:: DATA PROVIDED ::

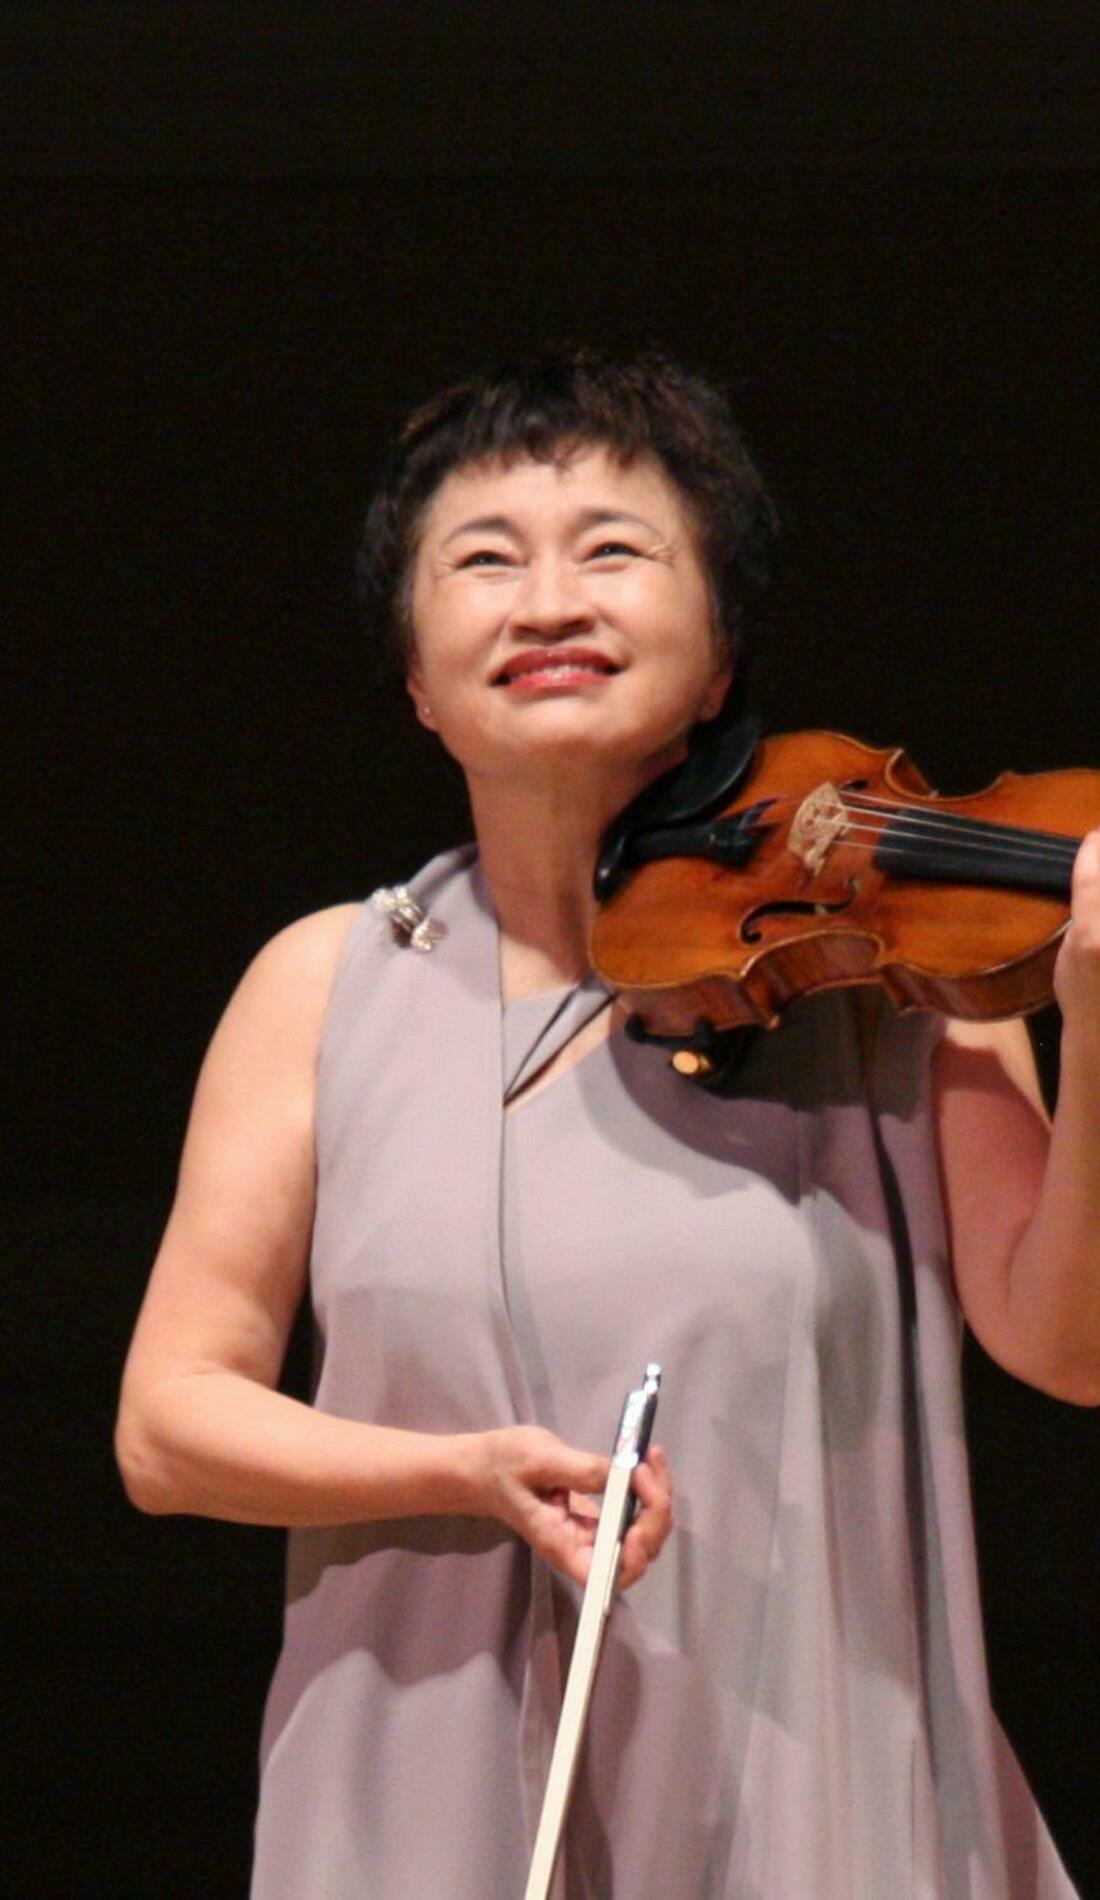 A Kyung Wha Chung live event
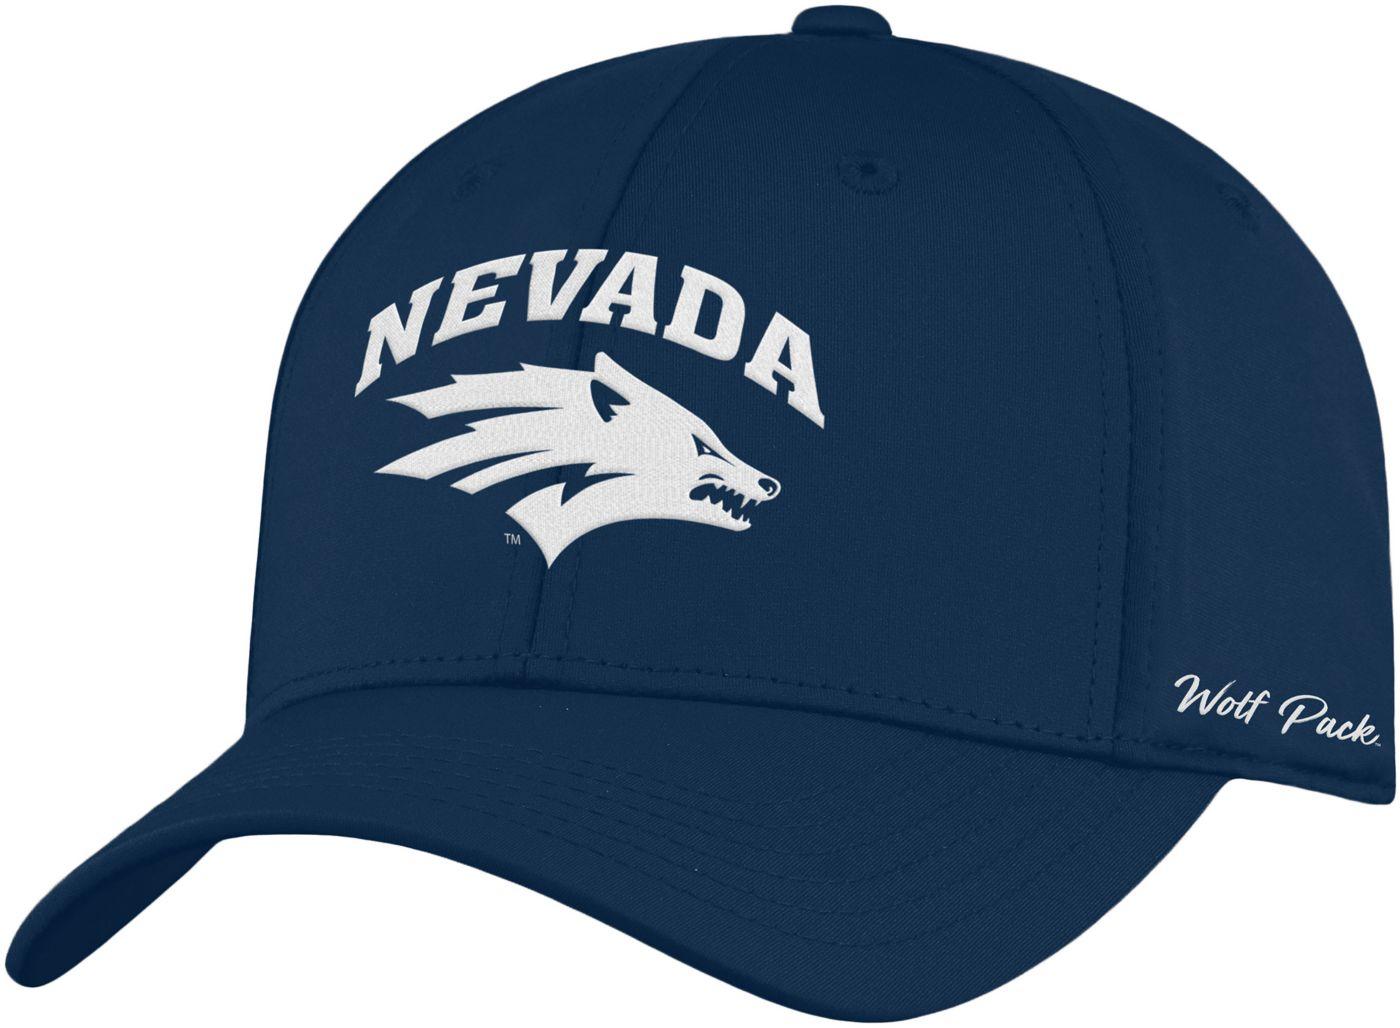 Top of the World Men's Nevada Wolf Pack Blue Phenom 1Fit Flex Hat
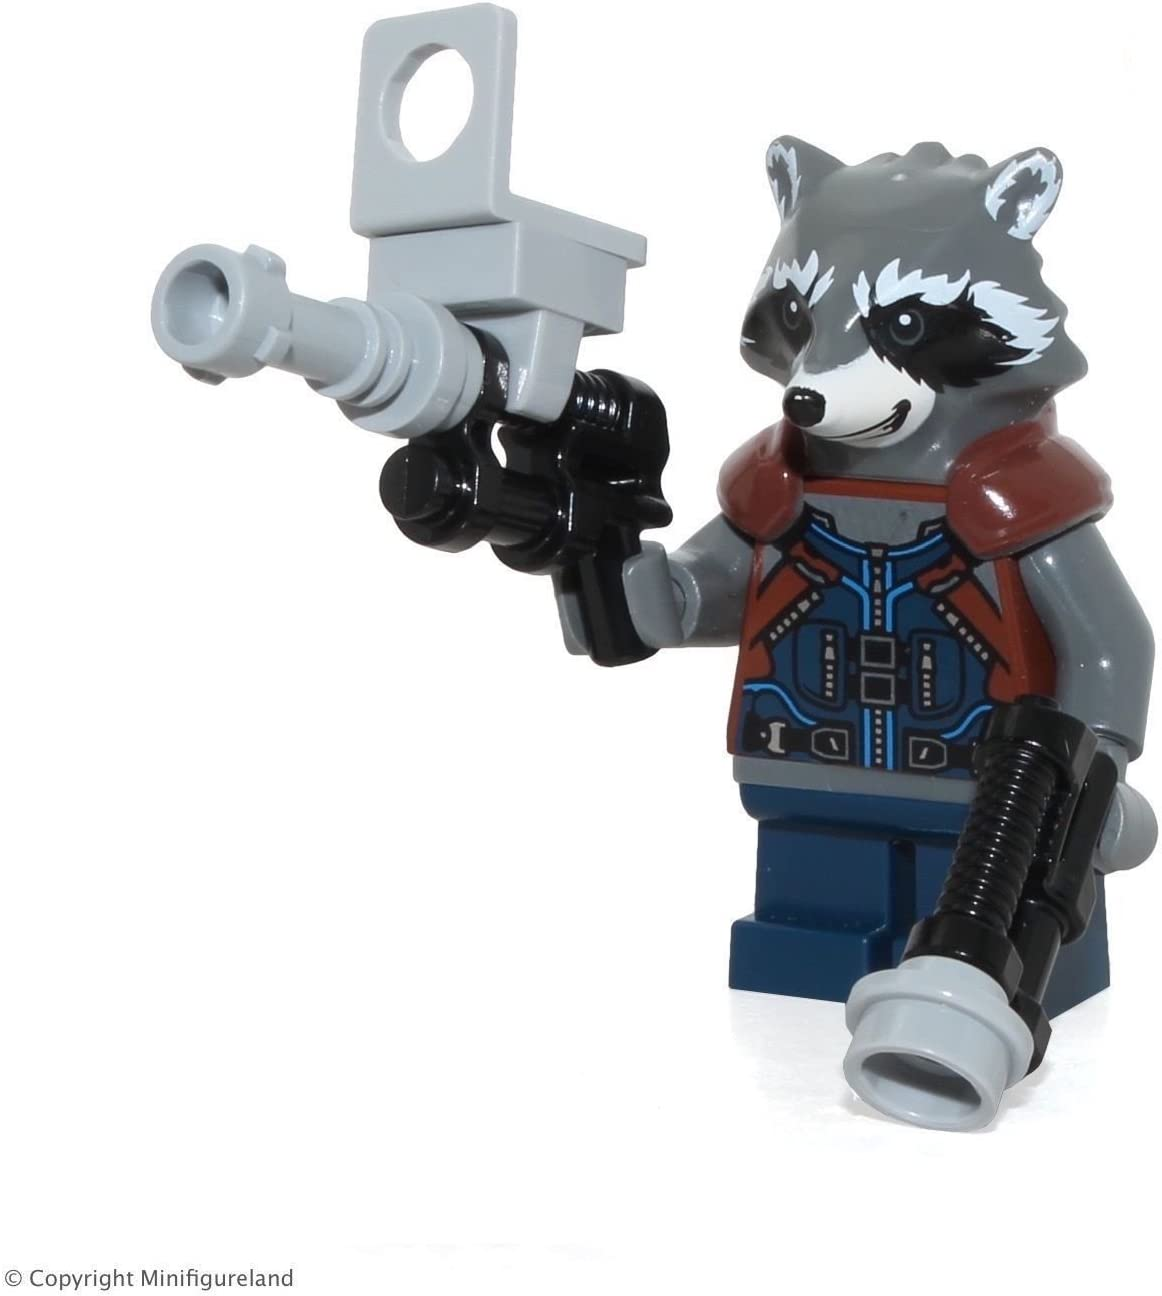 LEGO Super Heroes: Guardians of the Galaxy Vol. 2 MiniFigure - Rocket Raccoon (76079)

:::

▸ **EXERCISE OBJECTIVE**: Omitting all images, print the listing exactly.

▸ **ANSWER FOR THE TASK**:
 A Kyung Wha Chung live event
 Top of the World Men's Nevada Wolf Pack Blue Phenom 1Fit Flex Hat
 LEGO Super Heroes: Guardians of the Galaxy Vol. 2 MiniFigure - Rocket Raccoon (76079)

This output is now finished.